Viele werden überrascht sein, dass die Wissenschaft nun die Anwendung von Cannabis in einen positiven Zusammenhang mit dem Gedächtnis bringt. Wussten Sie, dass THC die Lernfähigkeit verbessert und den altersbedingten Gedächtnisverlust umkehrt?

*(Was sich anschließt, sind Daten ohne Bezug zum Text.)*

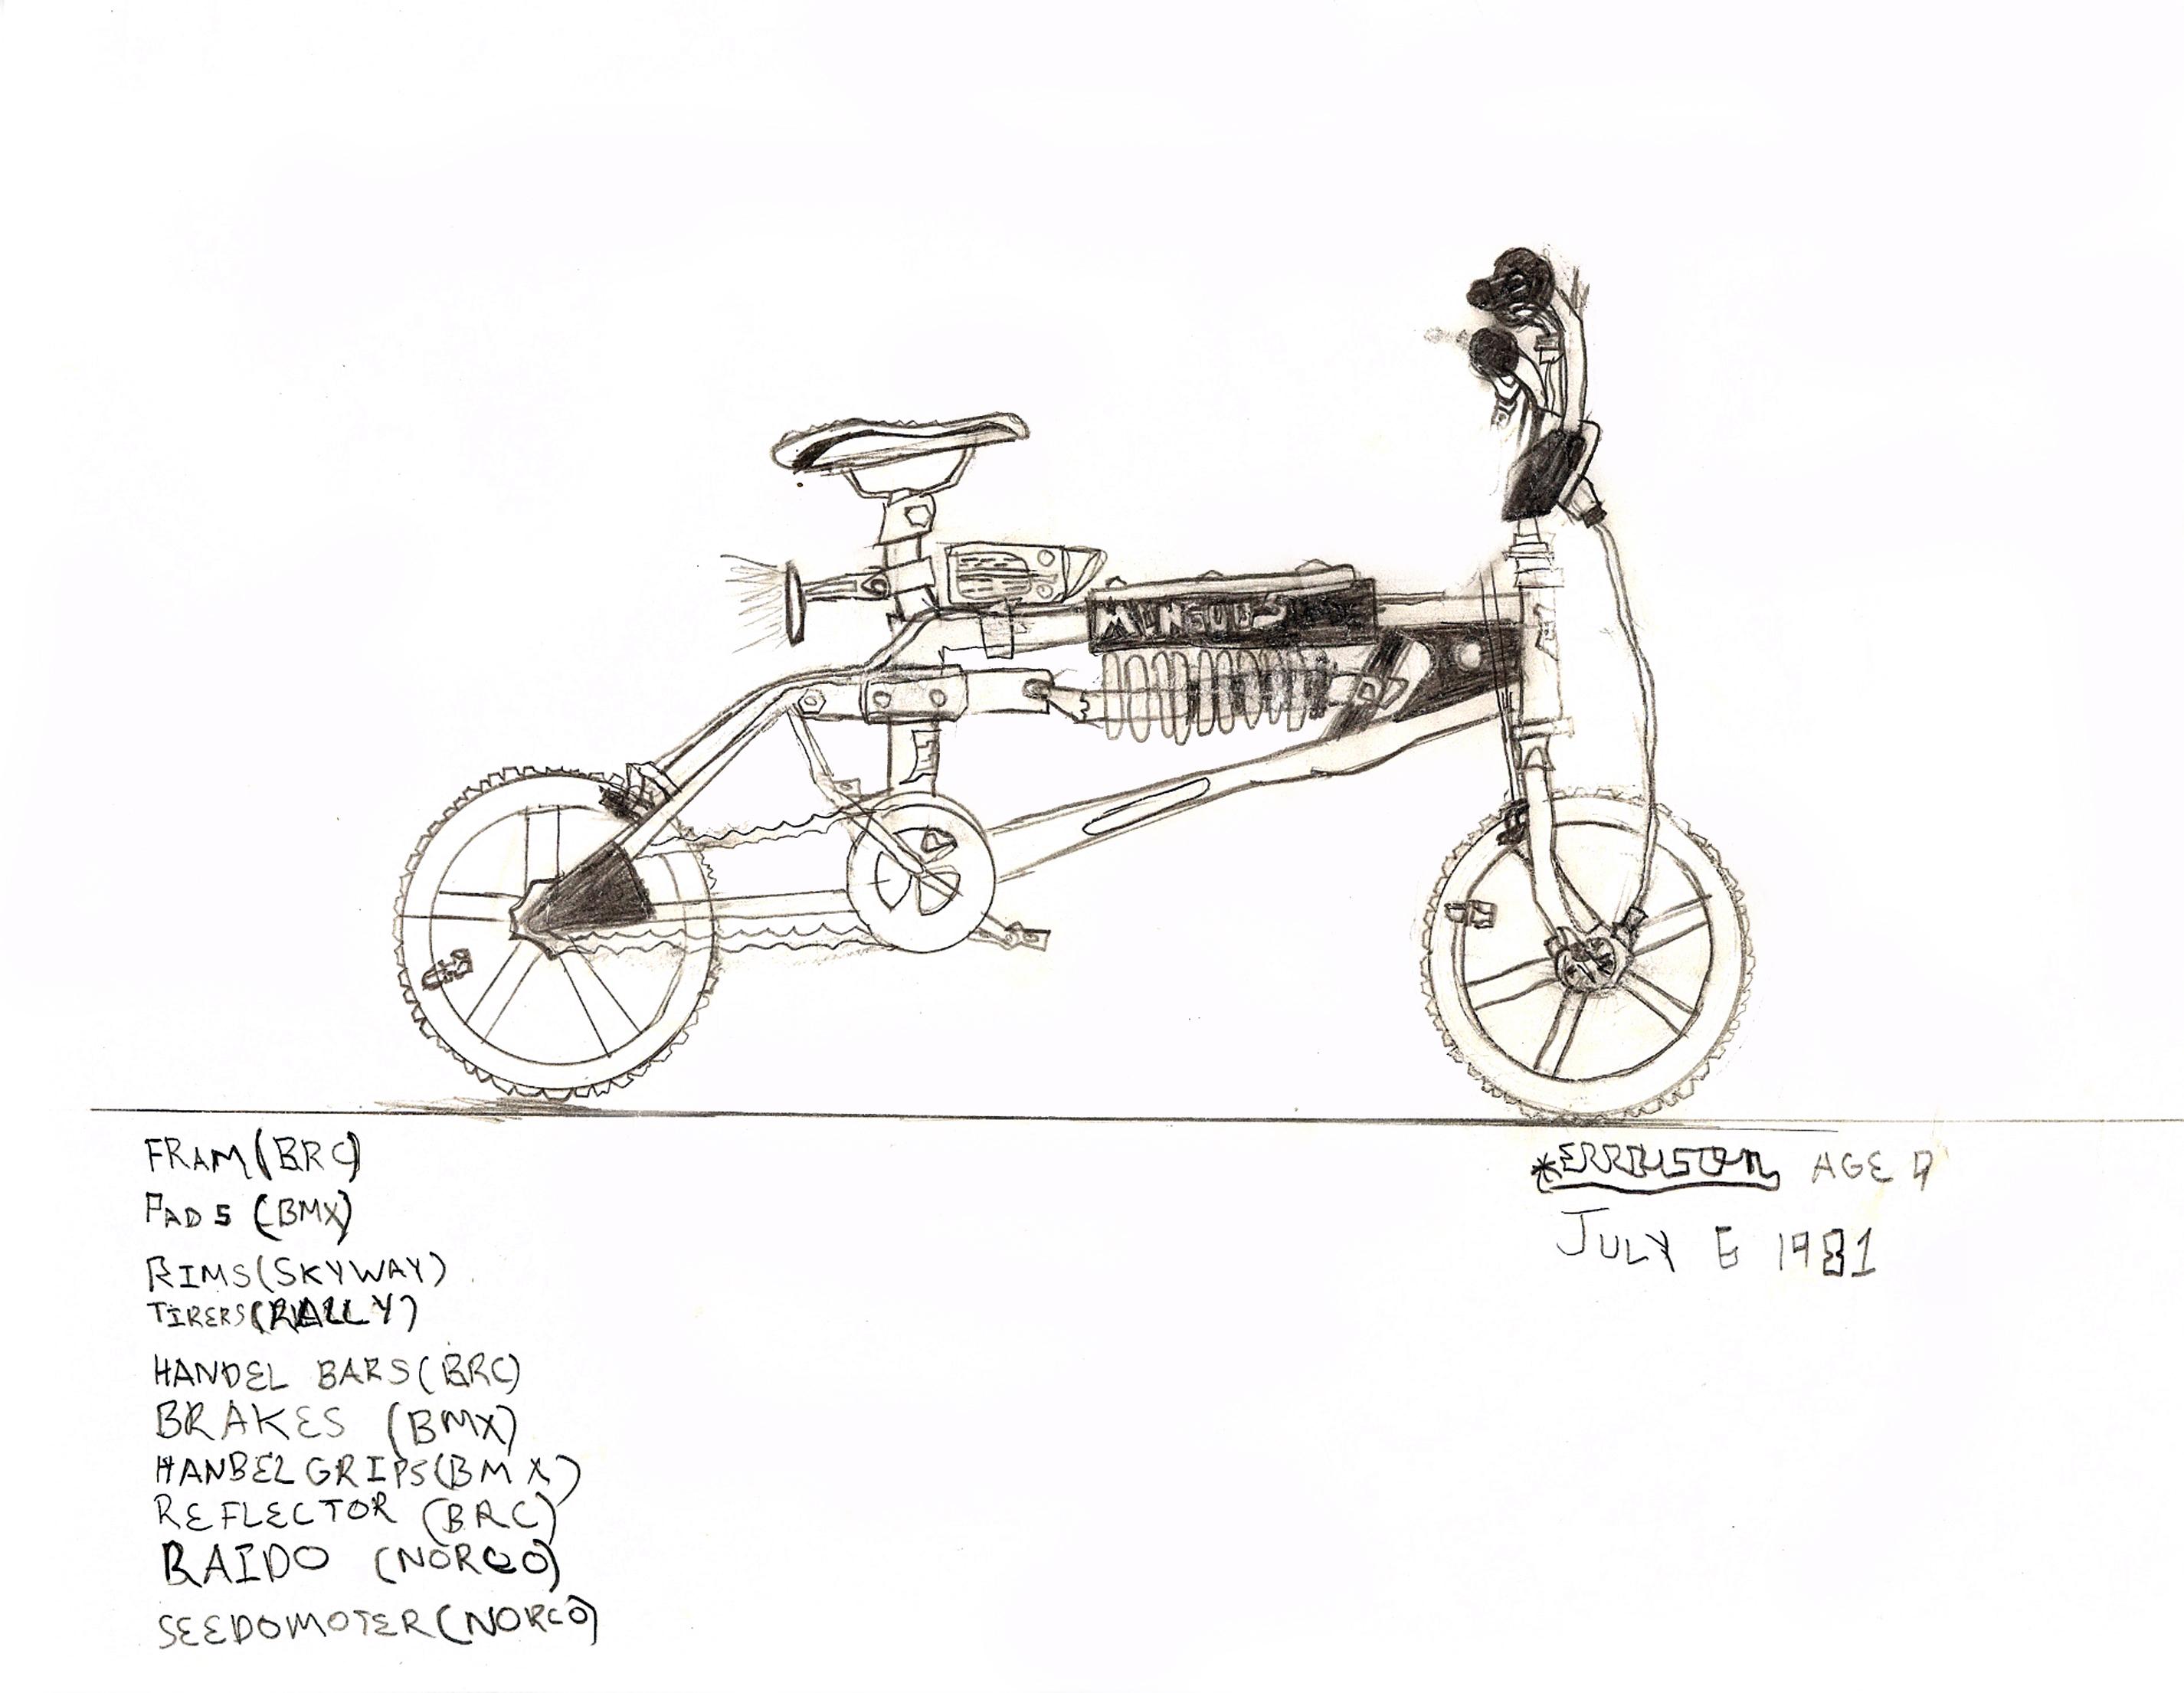 bmx-mongoose-sketch-2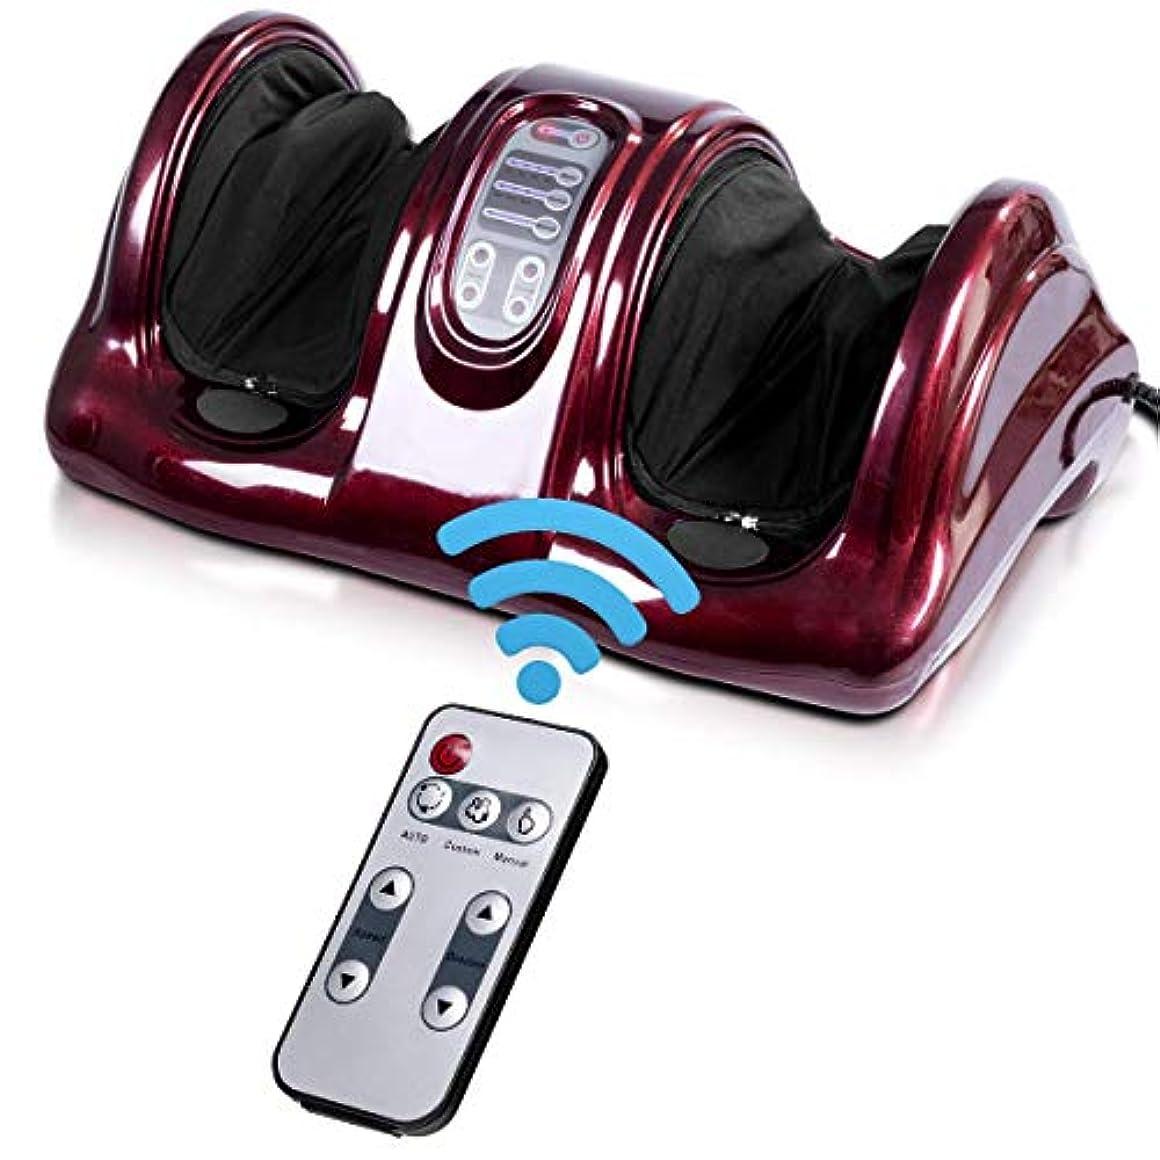 類人猿借りているバイオリニスト[Giantex][Giantex Foot Massager Machine Massage for Feet, Chronic Nerve Pain Therapy Spa Gift Deep Kneading Rolling Massage for Leg Calf Ankle, Electric Shiatsu Foot Massager w/ Remote, Burgundy](Parallel Imported Goods) (Burgundy)

Eine klinische Studie an Mäusen hat gezeigt, dass THC verjüngend auf das Gehirn wirken kann. Finden Sie heraus, wie. 

Eine neue Untersuchung über den gesundheitlichen Nutzen von Cannabis verlängert die Liste seiner Vorteile um einen weiteren Eintrag. Anfang Mai wurde in der renommierten wissenschaftlichen Fachzeitschrift Nature Medicine eine neue Studie veröffentlicht, die von einer Forschergruppe der Universität Bonn und der Hebrew University of Jerusalem durchgeführt wurde. Dieser klinische Versuch an Mäusen hat gezeigt, dass der psychoaktive Hauptwirkstoff von Cannabis, das Cannabinoid Δ9-Tetrahydrocannabinol oder auch THC positive Wirkungen auf das Gehirn insbesondere bei Menschen fortgeschrittenen Alters haben kann. Anscheinend hilft in niedrigen und regelmäßigen Dosen verabreichtes THC, die Lernfähigkeit zu verbessern und macht den altersbedingten Gedächtnisschwund rückgängig. 

THC findet sich vor allem in den Trichomen (Harzdrüsen) der Cannabispflanze (CC. Steffen Geyer)

Viele werden überrascht sein, dass die Wissenschaft nun die Anwendung von Cannabis in einen positiven Zusammenhang mit dem Gedächtnis bringt, was an dem hergebrachten Argument gegen Cannabis liegt, es schädige das Gedächtnis. Noch überraschender ist das, wenn ein so heikles Thema wie der Alterungsprozess unseres Gehirns hinzu kommt. Wenn wir älter werden, gehen geistige Fähigkeiten allmählich verloren und das Lernen neuer Dinge oder die Konzentration auf mehr als eine Sache fallen uns mit der Zeit immer schwerer.

Die Zeit läuft unaufhaltsam

Trotz großer Fortschritte der Wissenschaft stellen sich zu den biologischen Mechanismen, die den körperlichen und geistigen Alterungsprozess unseres Organismus auslösen, immer noch viele Fragen. Bei der Alterung kommt es zu einer Reduzierung der Hirnleistungen und es können neurodegenerative Krankheiten auftreten, die neben vielen anderen Symptomen zu Gedächtnisschwund, einer reduzierten Konzentrationsfähigkeit oder verringerten Intelligenz führen.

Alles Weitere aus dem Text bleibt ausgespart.